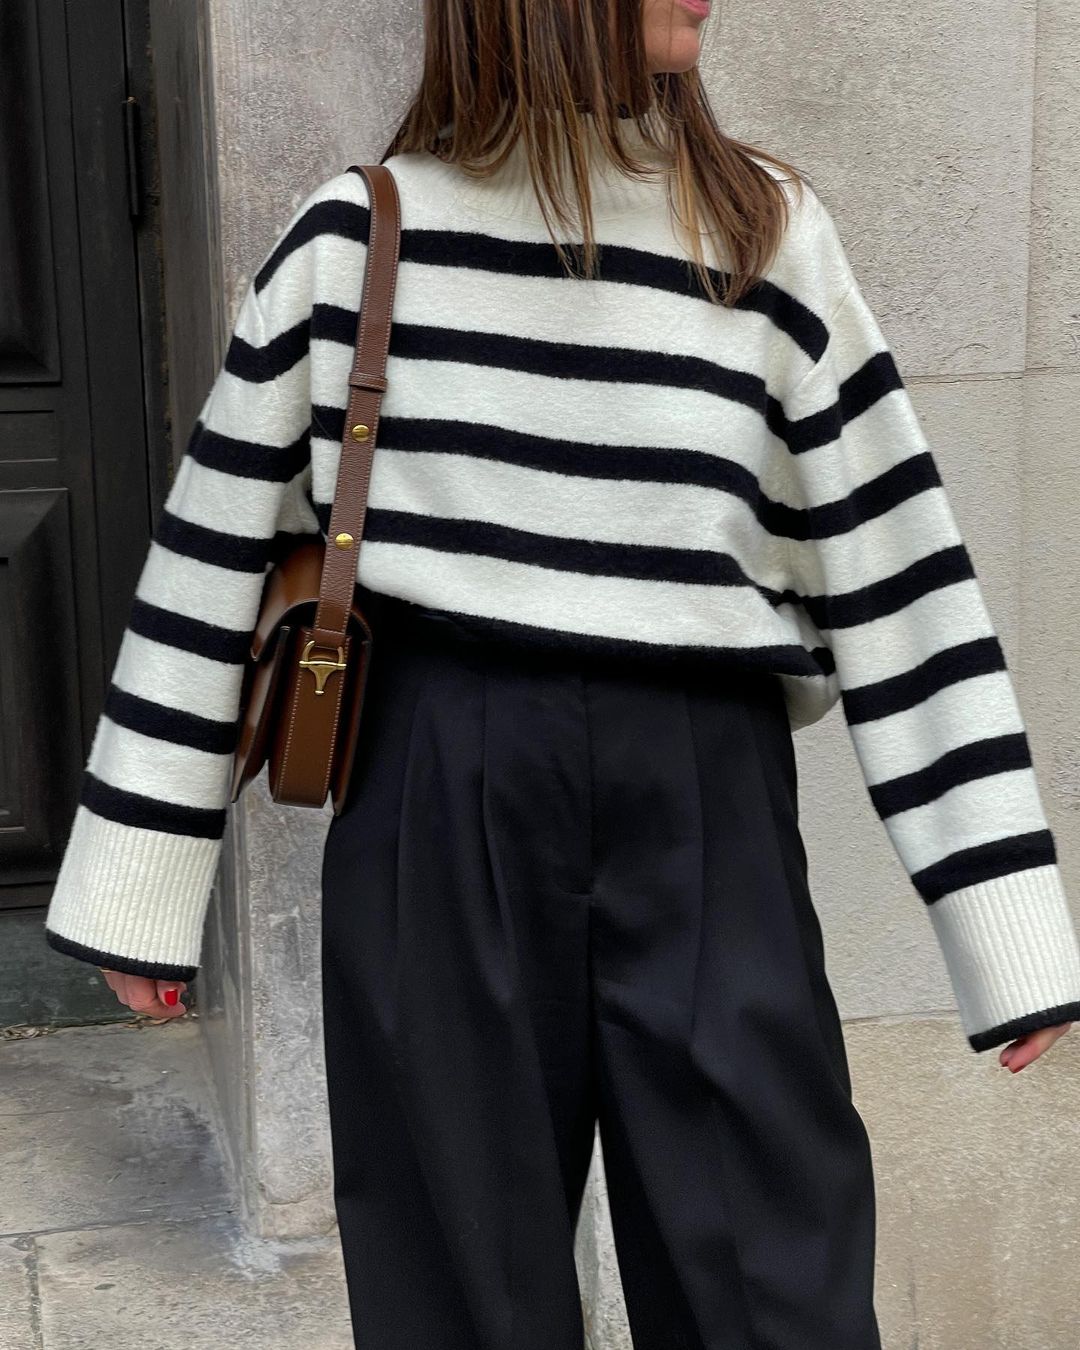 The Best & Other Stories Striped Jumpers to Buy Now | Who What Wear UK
---
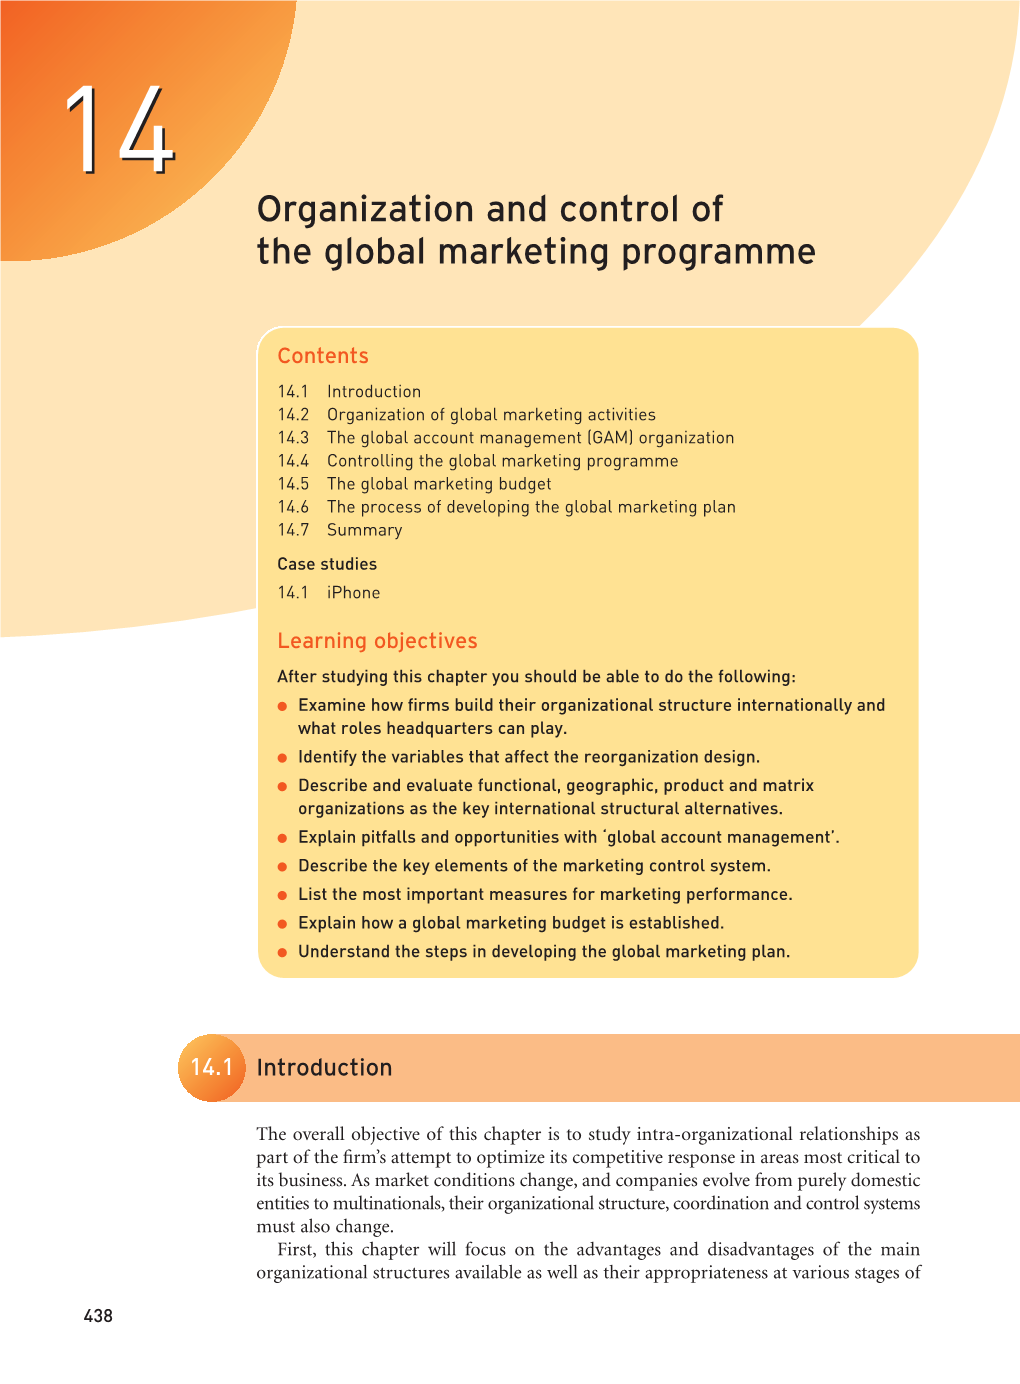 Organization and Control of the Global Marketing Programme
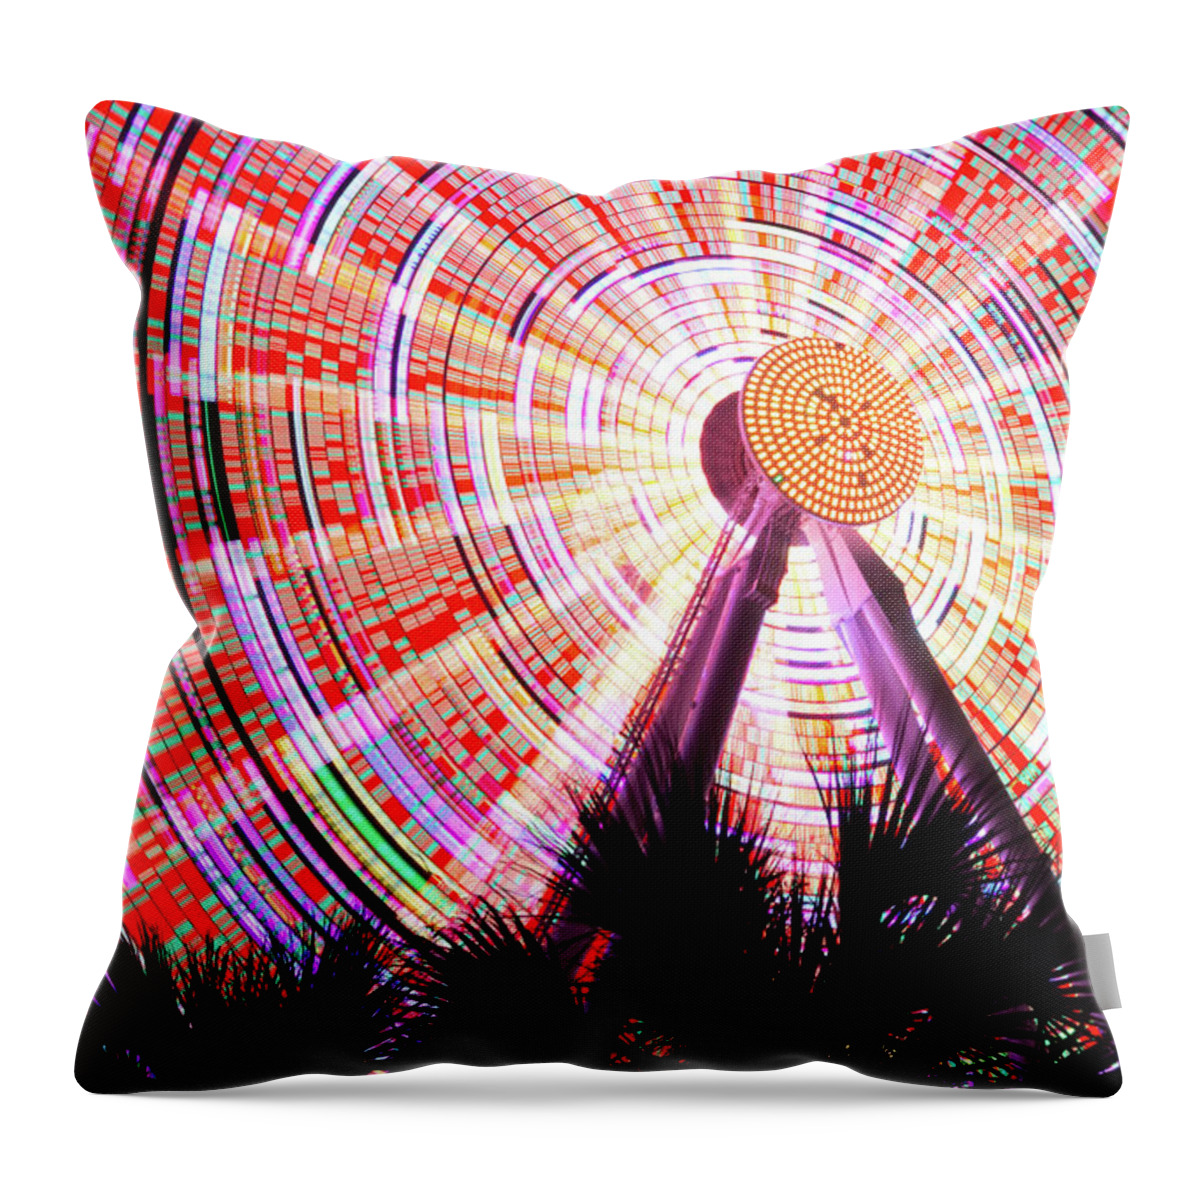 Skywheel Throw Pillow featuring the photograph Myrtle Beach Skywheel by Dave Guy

[Task objective]:
What is needed is an exact copy of the lines above from the one with "Organization and Control" to the one with "Skywheel Throw Pillow", both ends kept, and nothing more; please leave the pictures out.

[Solution to the exercise]:
 Organization and Control of the Global Marketing Programme
 Skywheel Throw Pillow featuring the photograph Myrtle Beach Skywheel by Dave Guy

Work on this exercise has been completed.